*WHAT NEEDS TO BE DONE*. Your reply is to be the lines below, exactly as written, with images omitted.

*** DATA SHOWN ***

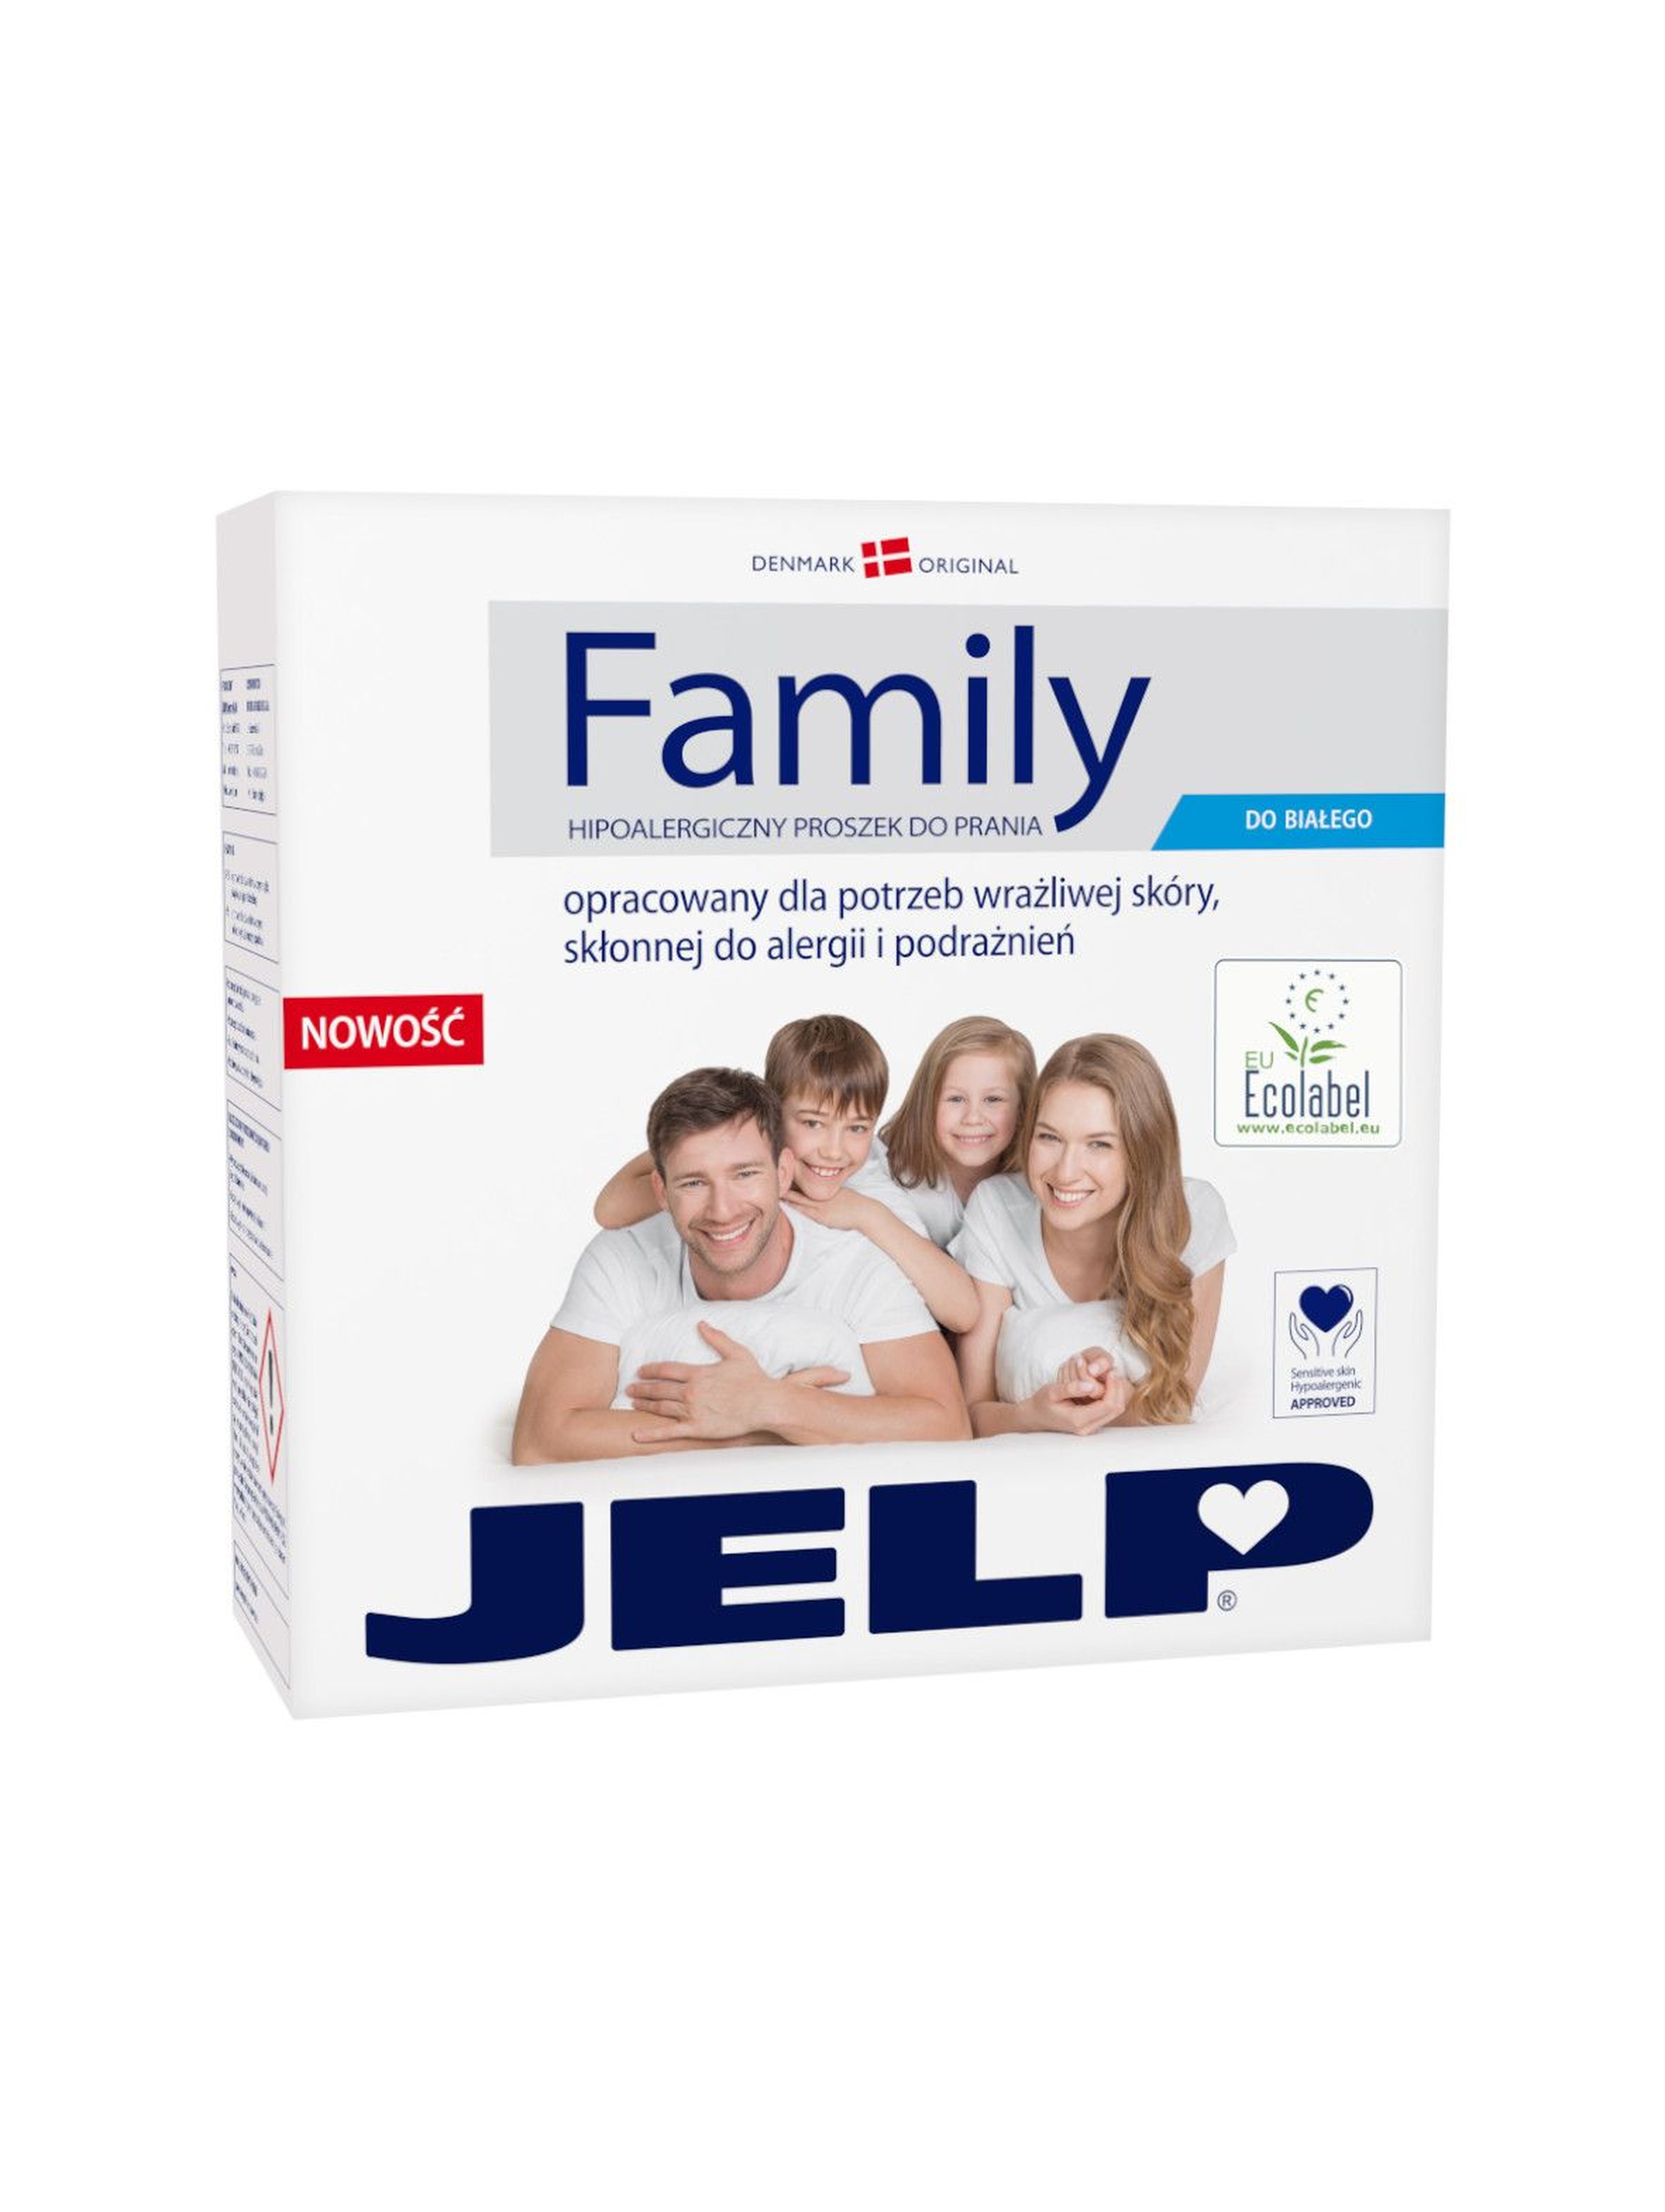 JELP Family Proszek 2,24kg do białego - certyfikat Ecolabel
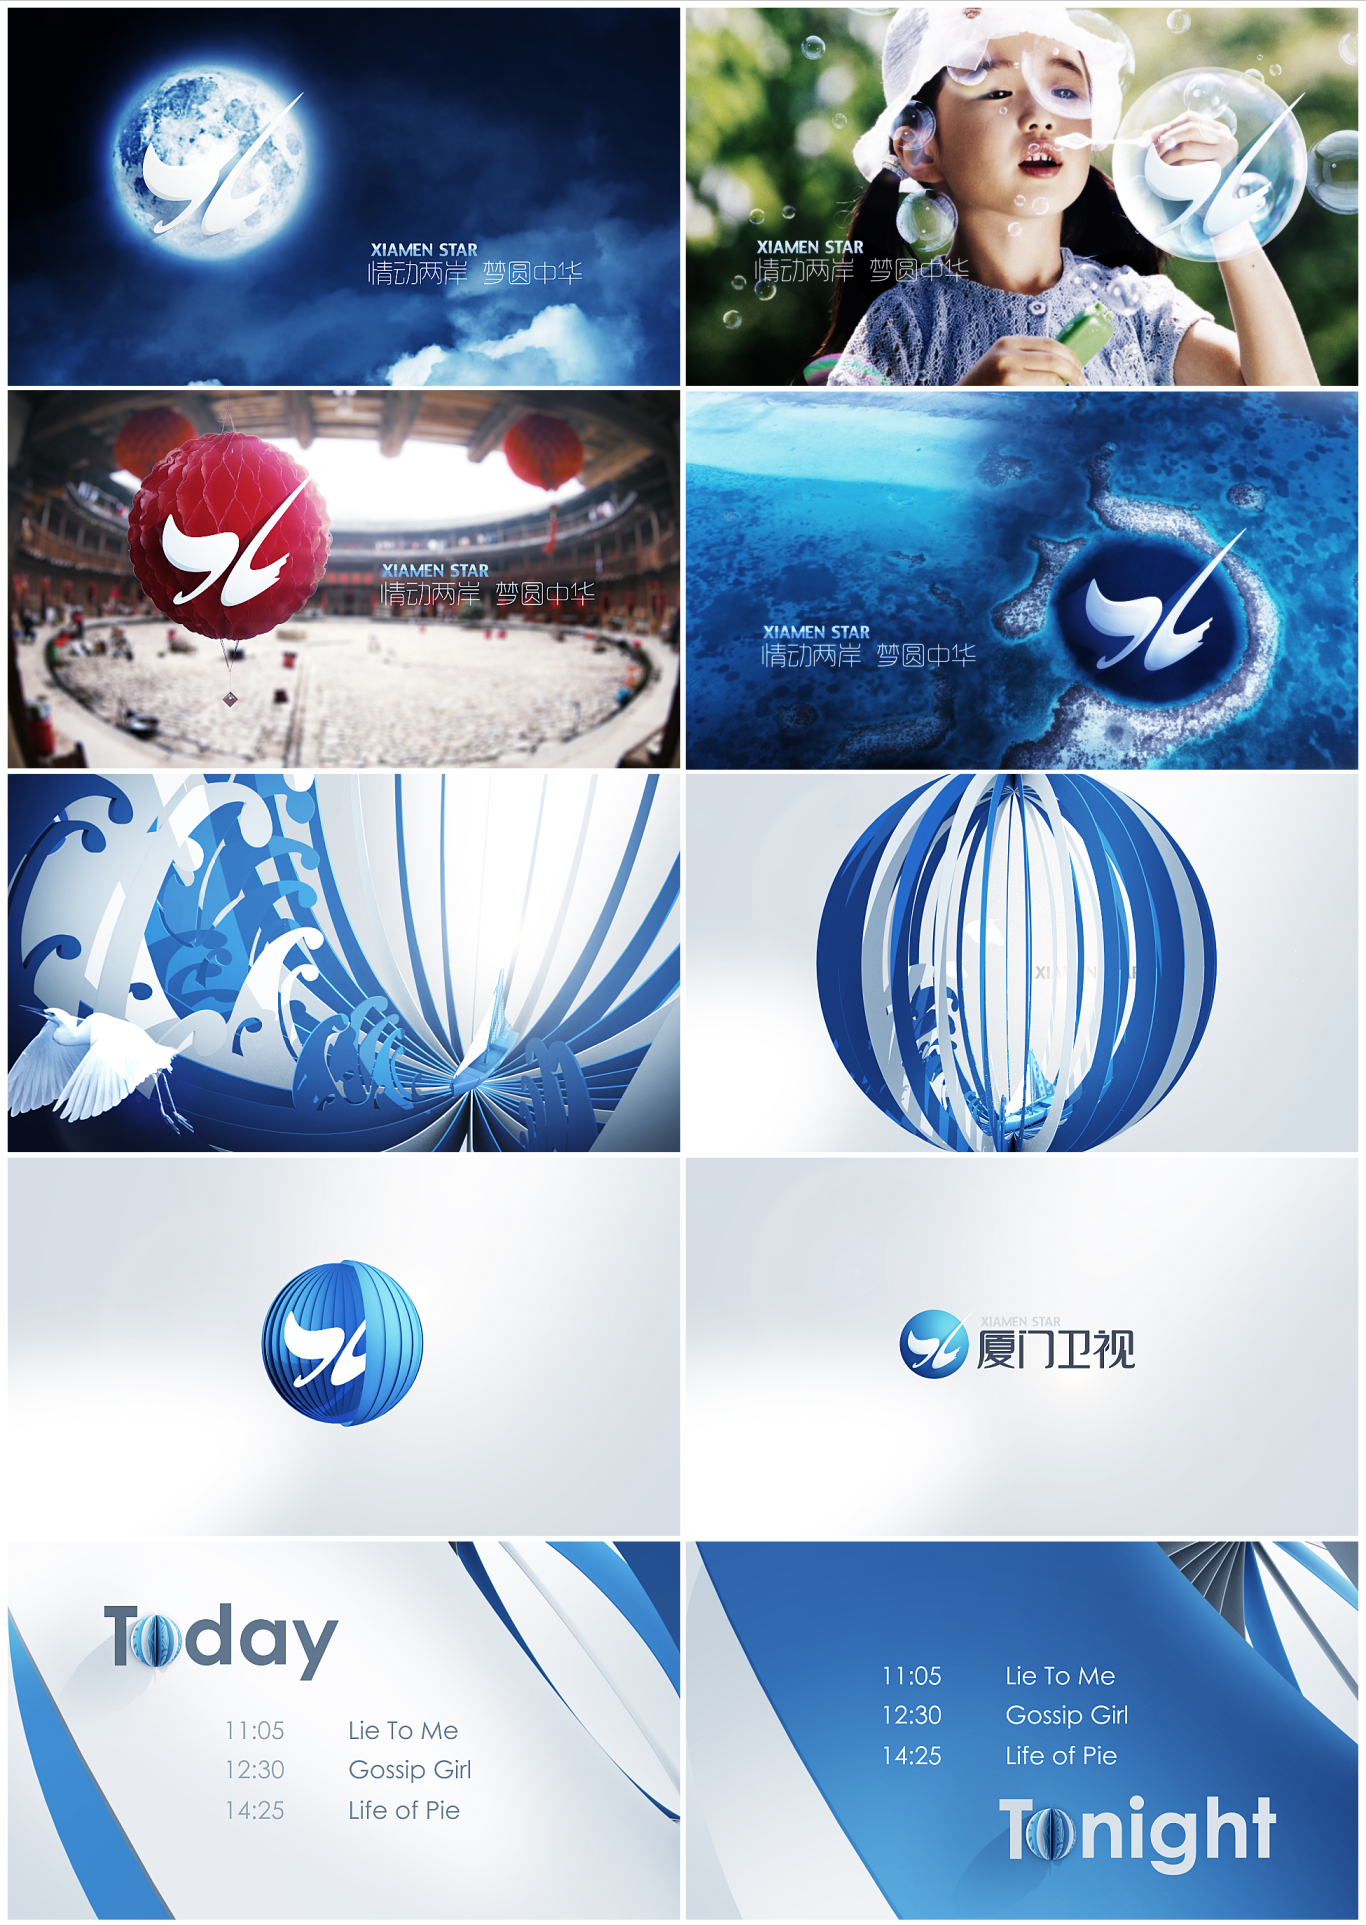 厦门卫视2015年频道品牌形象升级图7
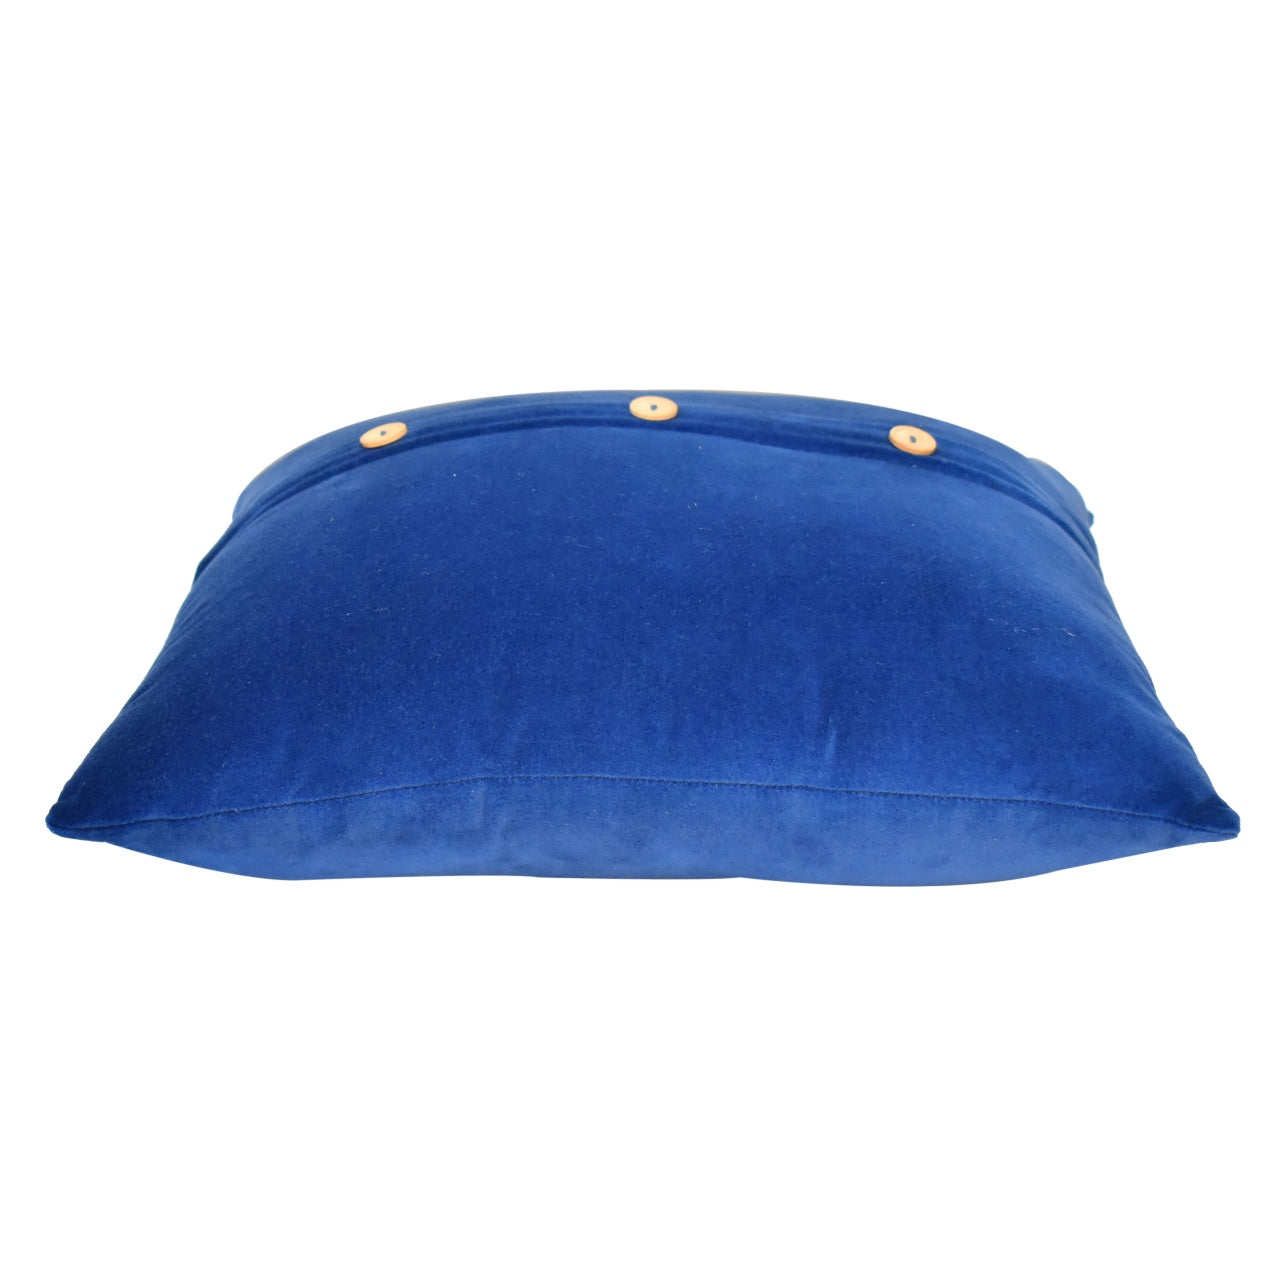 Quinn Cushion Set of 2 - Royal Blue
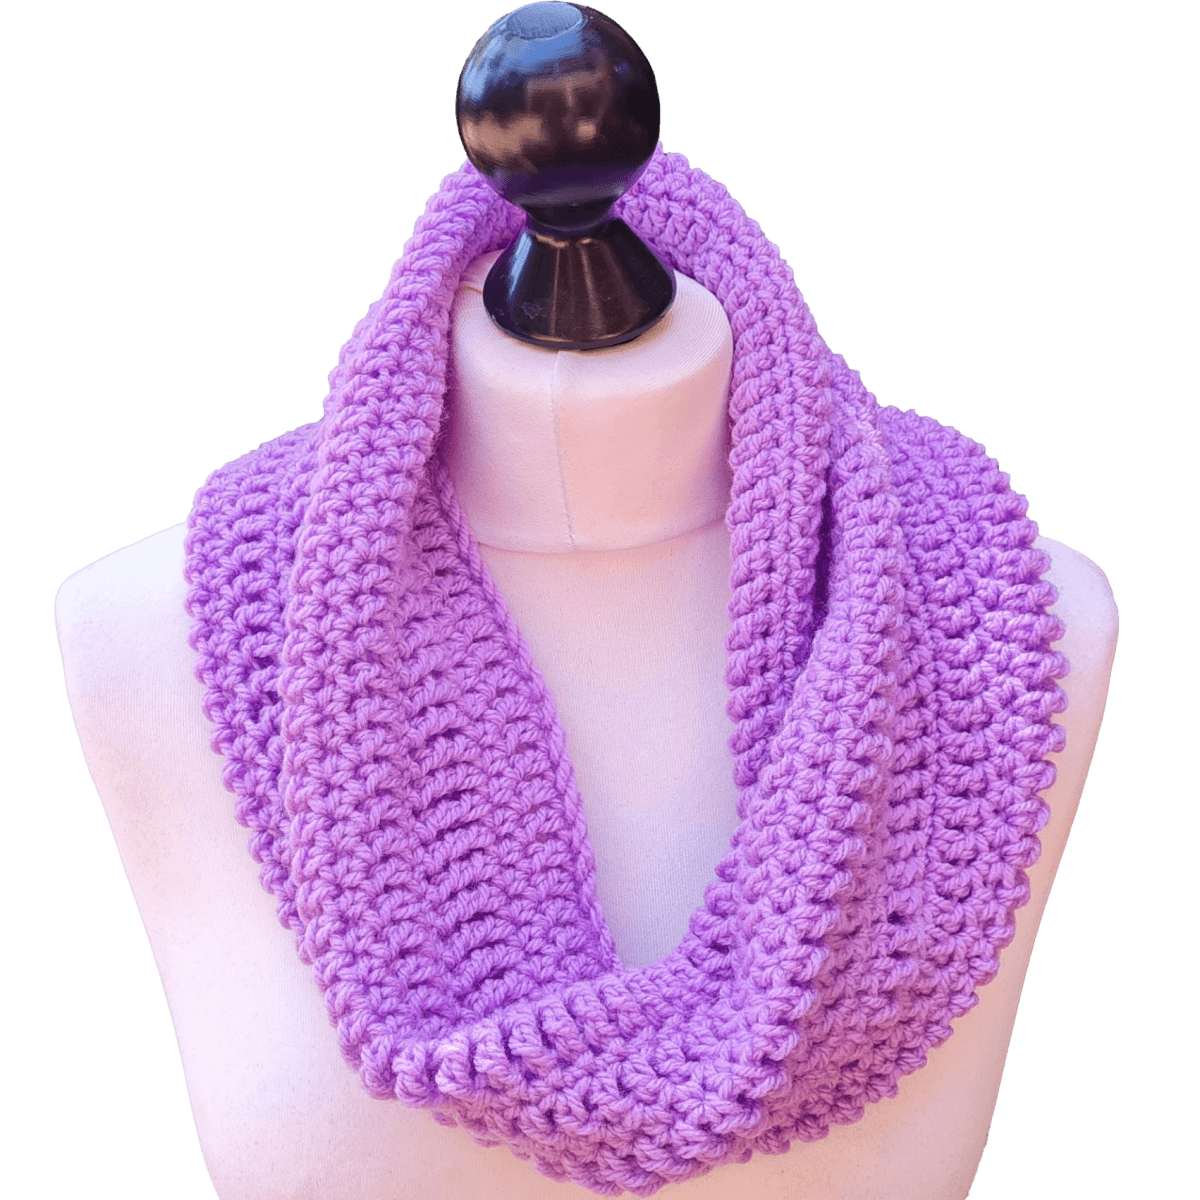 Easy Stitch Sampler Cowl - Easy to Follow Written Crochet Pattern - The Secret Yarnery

***

*ANSWER*.
 JELP Family Proszek 2,24kg do białego - certyfikat Ecolabel
 厦门卫视2015年频道品牌形象升级图7
 Quinn Cushion Set of 2 - Royal Blue
 Easy Stitch Sampler Cowl - Easy to Follow Written Crochet Pattern - The Secret Yarnery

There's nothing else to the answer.